Warming up — — — — — — — — — — — — — — — — — — —
with N+1 1.000 i/100ms
Calculating — — — — — — — — — — — — — — — — — — -
with N+1 0.291 (± 0.0%) i/s — 2.000 in 7.158333s
we are able to render 0.291 of those views in a second. That’s pretty bad, so the first thing to do is to solve the N+1 query generated by our view, that for each iteration performs a select on the DB to retrieve the post of the user.

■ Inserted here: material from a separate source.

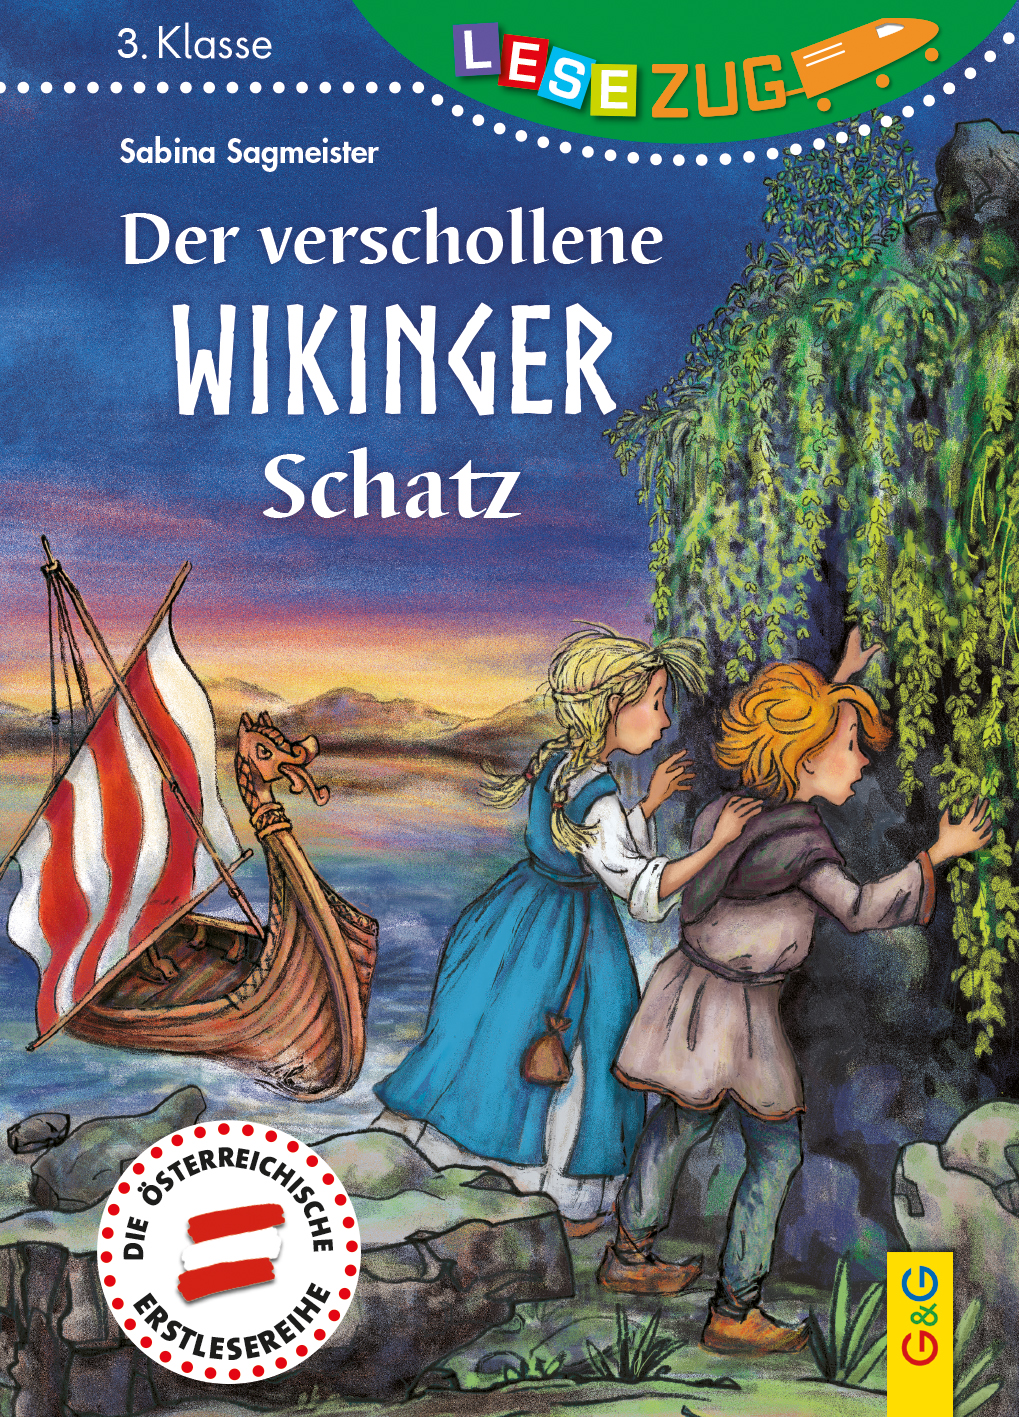 Cover_Der verschollene Wikinger-Schatz.indd

To solve it now and, mainly, from now on, we’ll introduce Bullet. I ❤️ Bullet and I prefer it to Goldiloader for three main reasons:
- Bullet doesn’t change your code automatically, without asking for permissions
- Bullet doesn’t run in production
- Bullet helps you understand and identifying the N+1 queries, it doesn’t hide them
Add Bullet to your Gemfile and configure it for your test environment to raise an exception in case it identifies an N+1 query, so that you are forced to solve it.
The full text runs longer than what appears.